Exercise goal ::
Every line of the material is to be transcribed verbatim, with images omitted.

Information shown ::
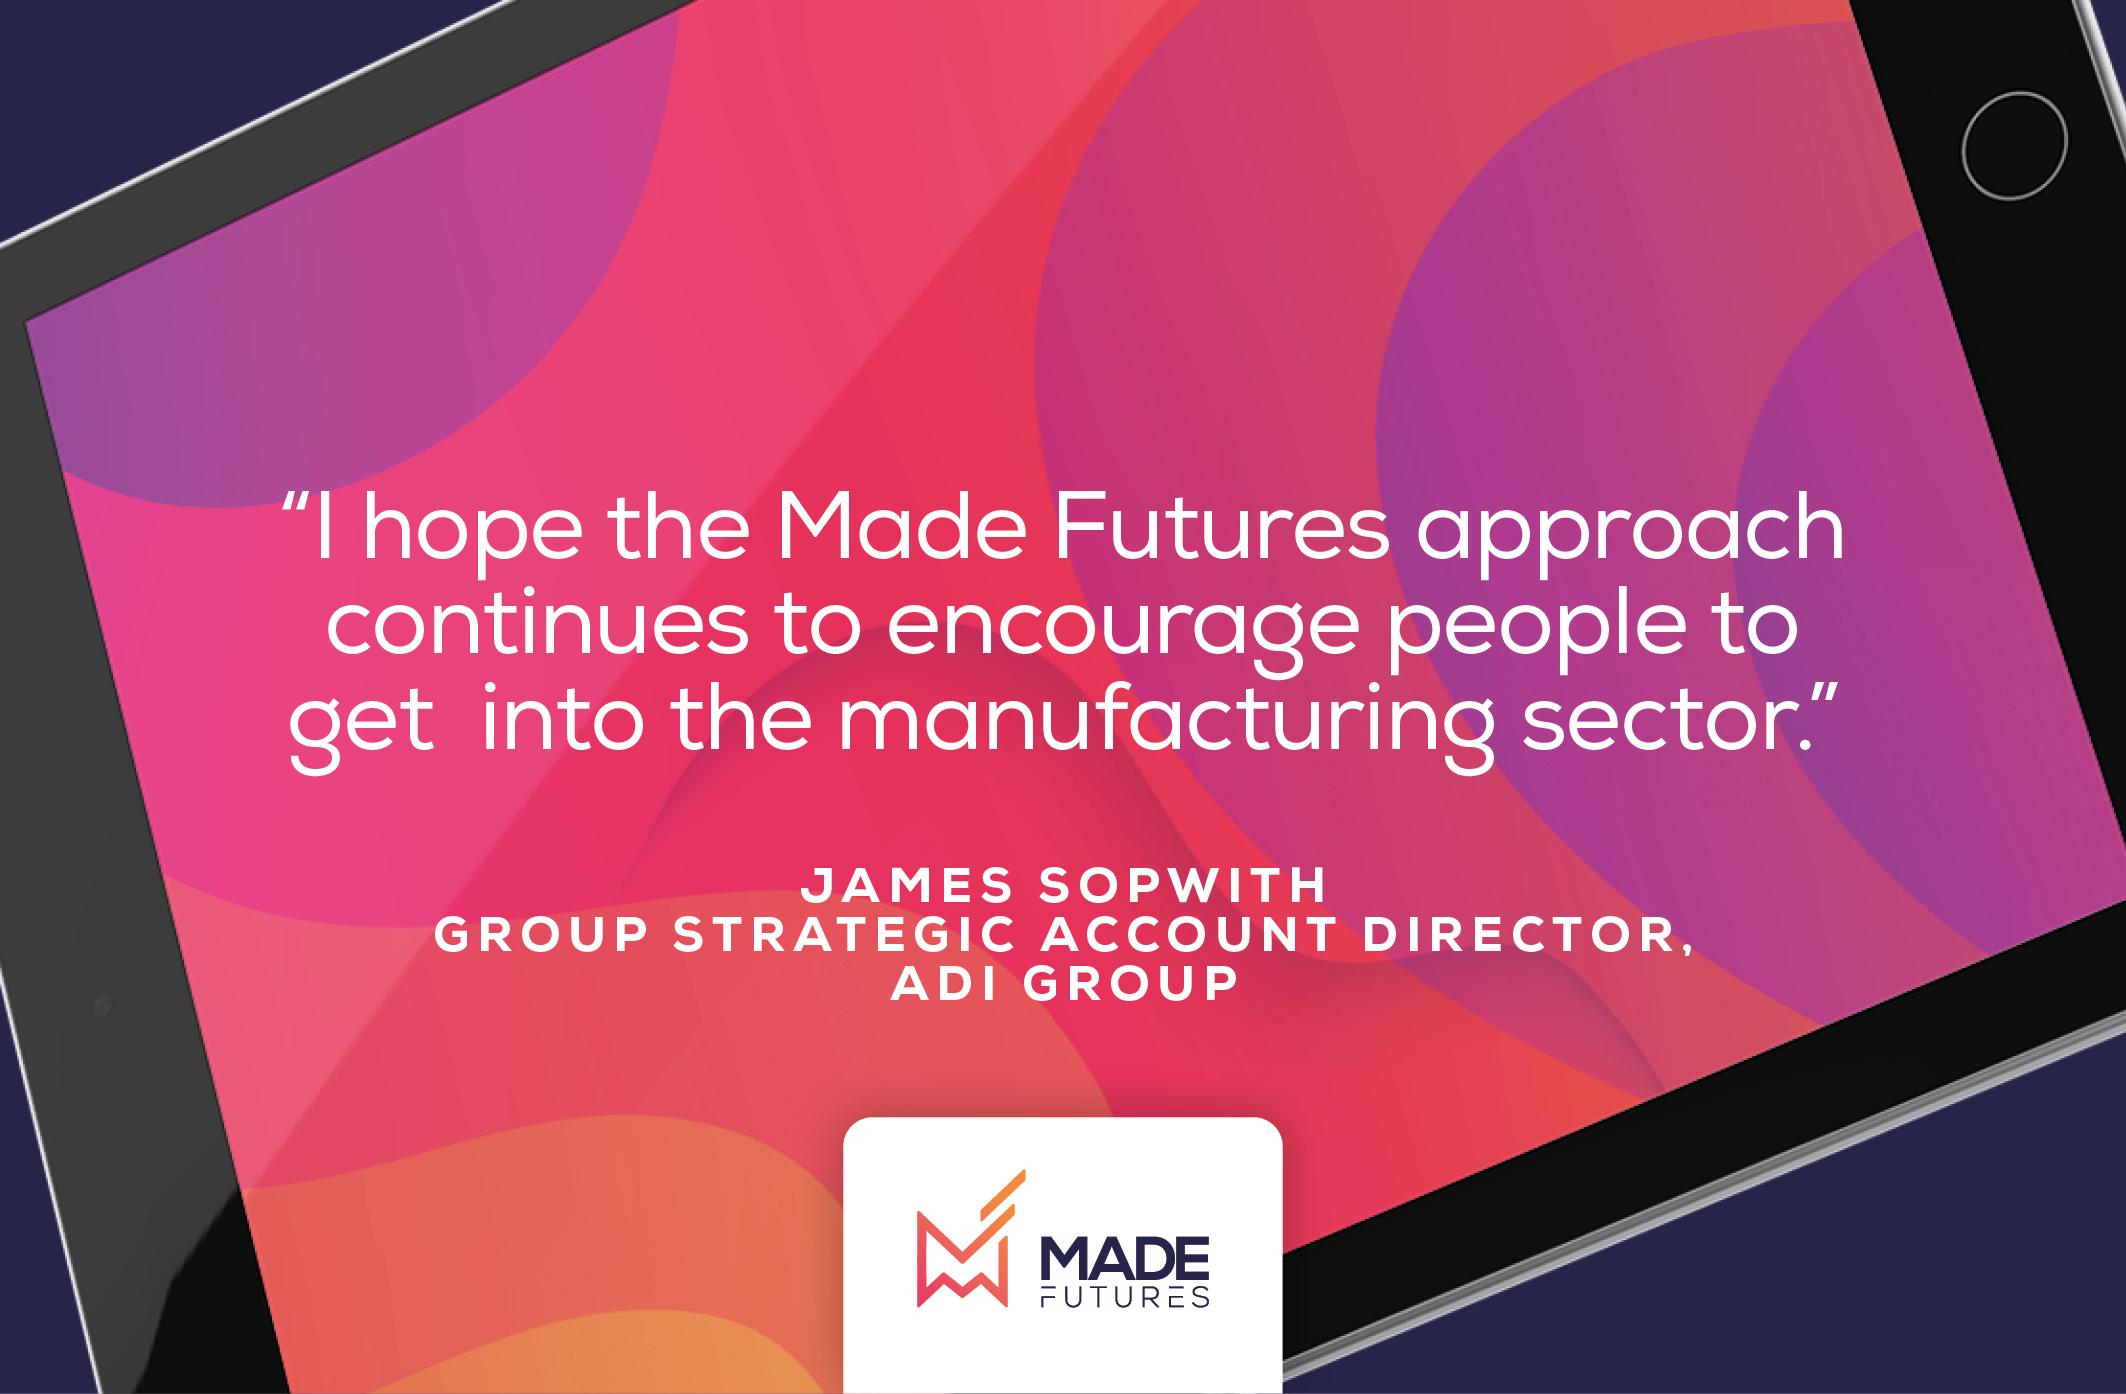 Testimonial by James Sopwith, Group strategic account director at ADI Group
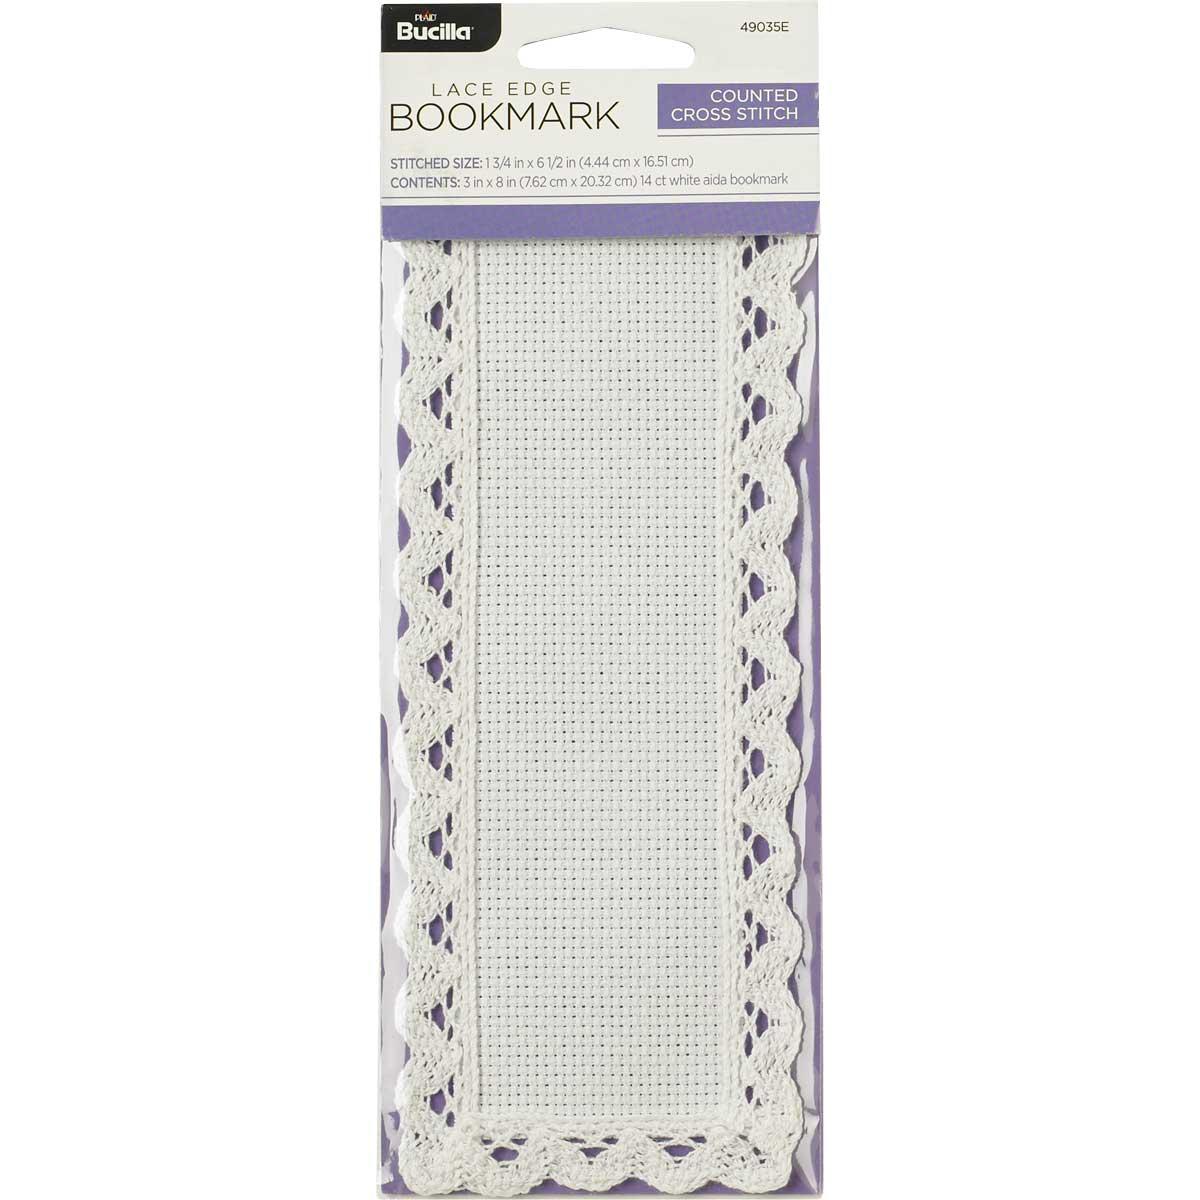 Bucilla ® Ready to Stitch™ Blanks - Lace Edge Bookmark, 1-3/4
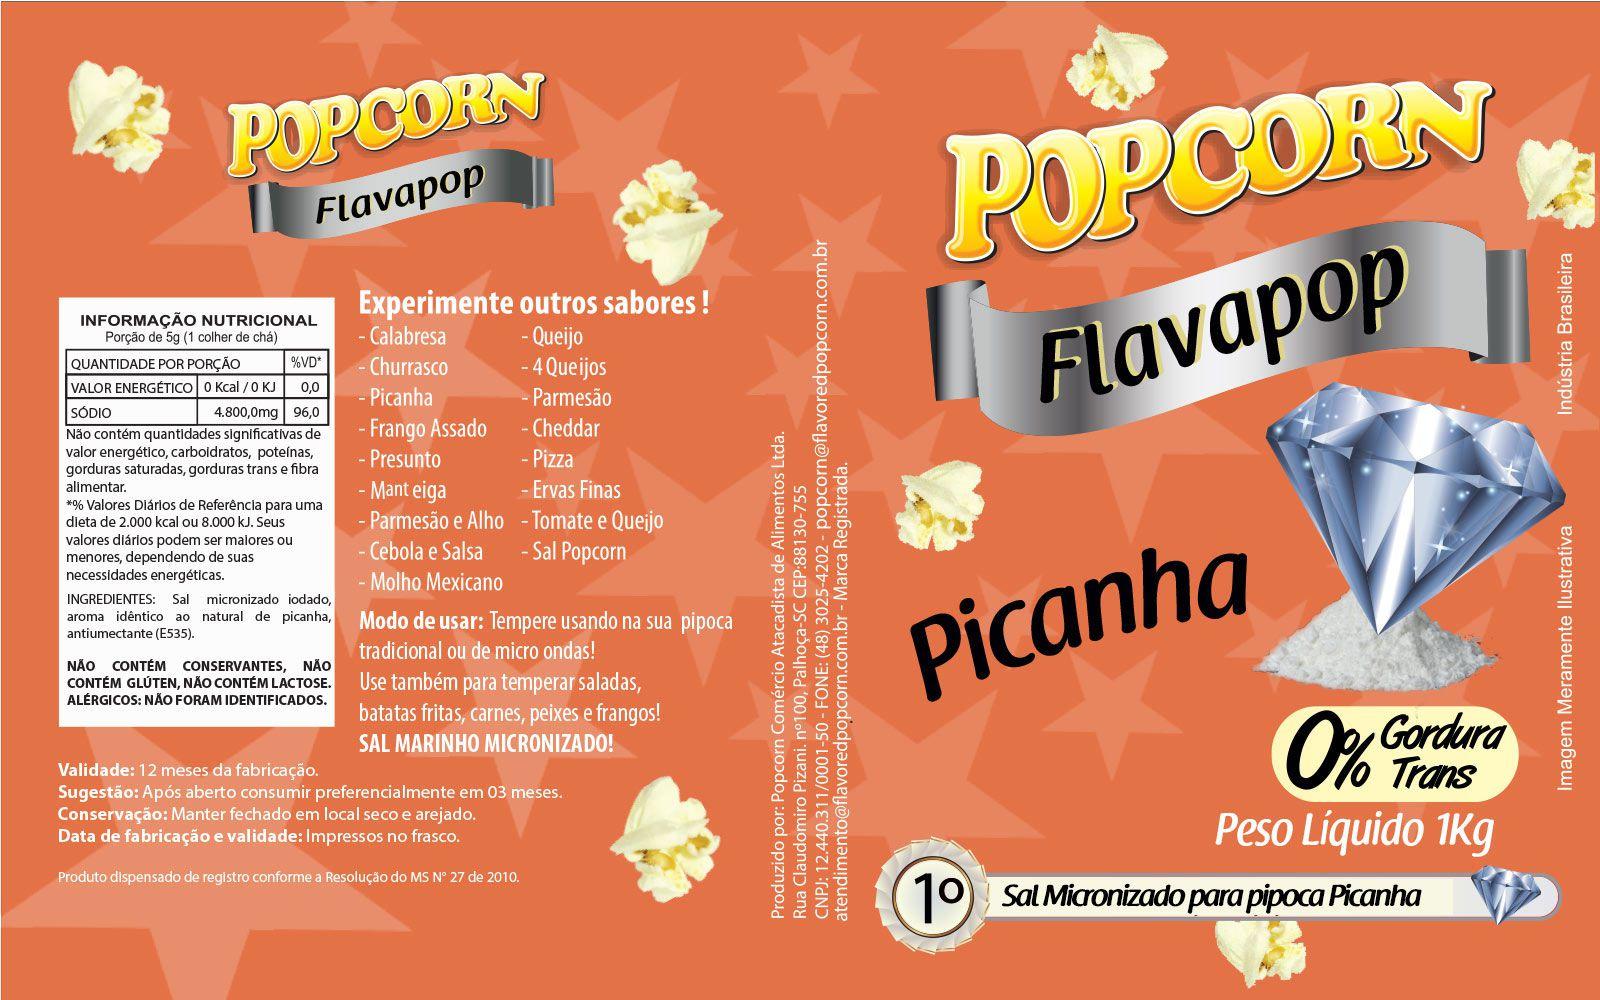 FLAVAPOP - Original de cinema -  Picanha - Micronizado Popcorn  - Pct 1kg
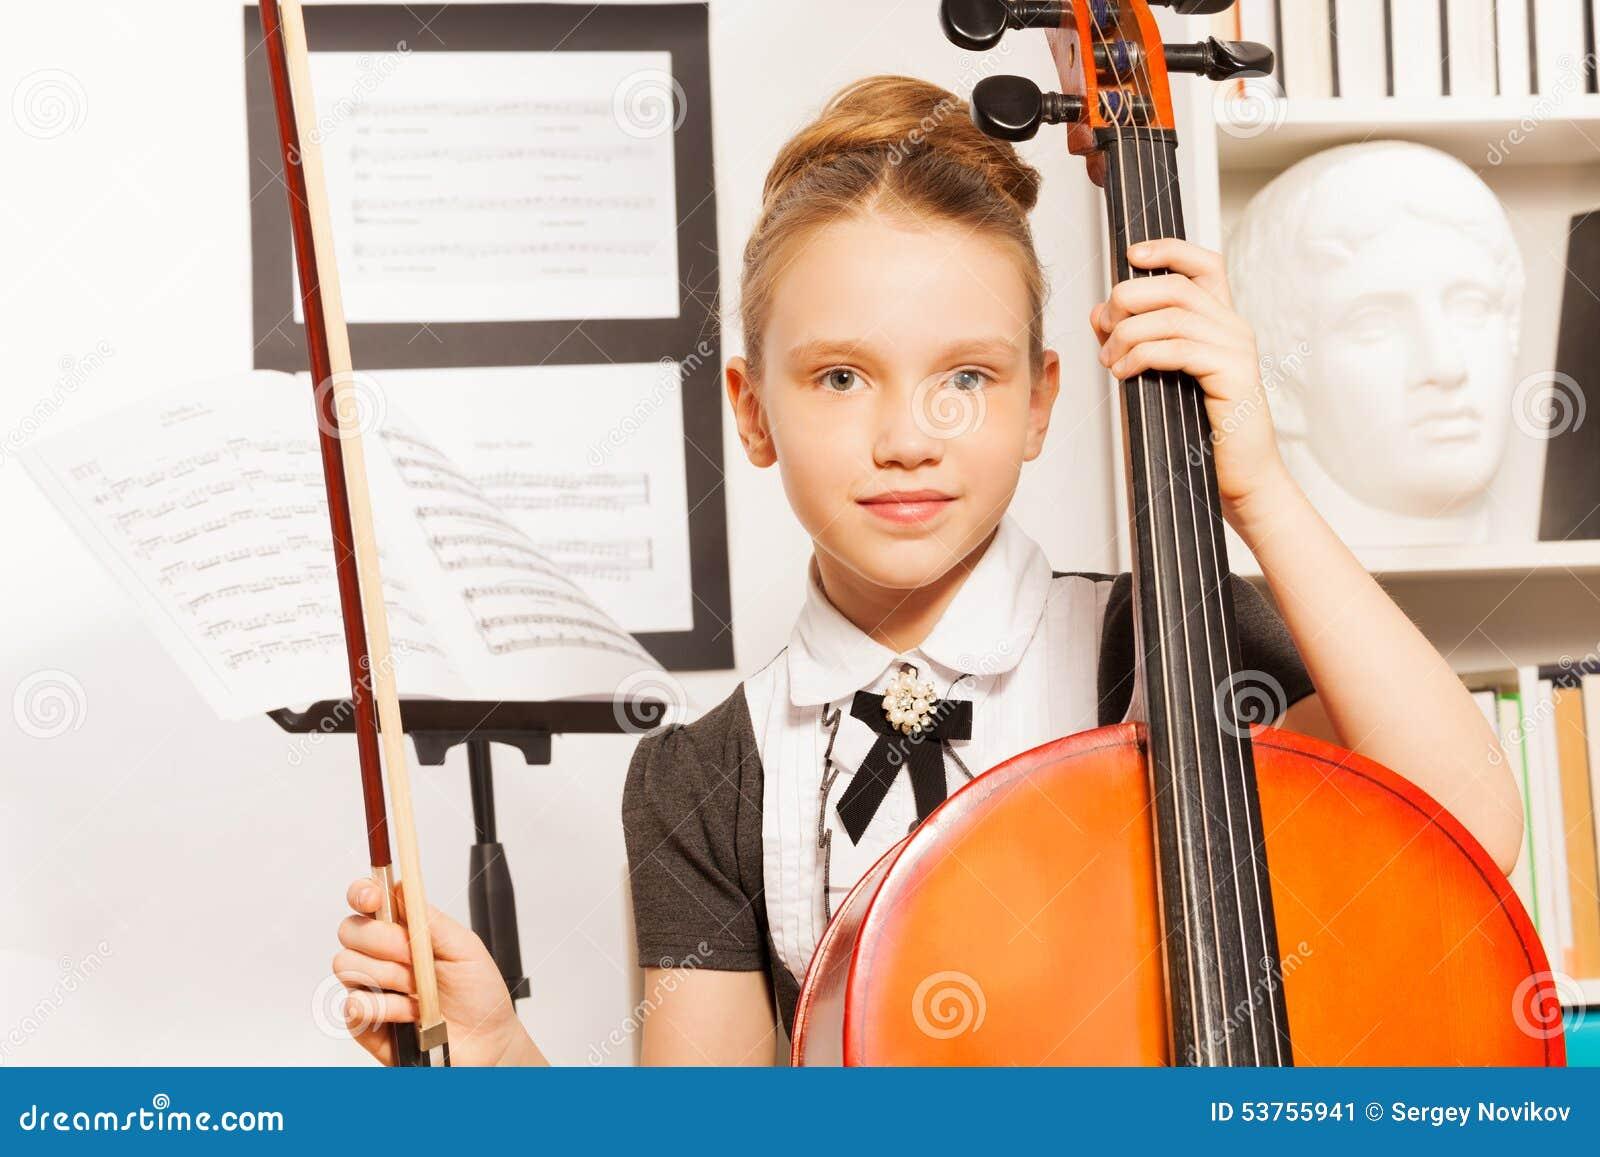 Retrato da menina que guarda a violino-curva para jogar o violoncelo

Expected answer ::
 Testimonial by James Sopwith, Group strategic account director at ADI Group
 Bucilla ® Ready to Stitch™ Blanks - Lace Edge Bookmark, 1-3/4
 FLAVAPOP - Original de cinema -  Picanha - Micronizado Popcorn  - Pct 1kg
 Retrato da menina que guarda a violino-curva para jogar o violoncelo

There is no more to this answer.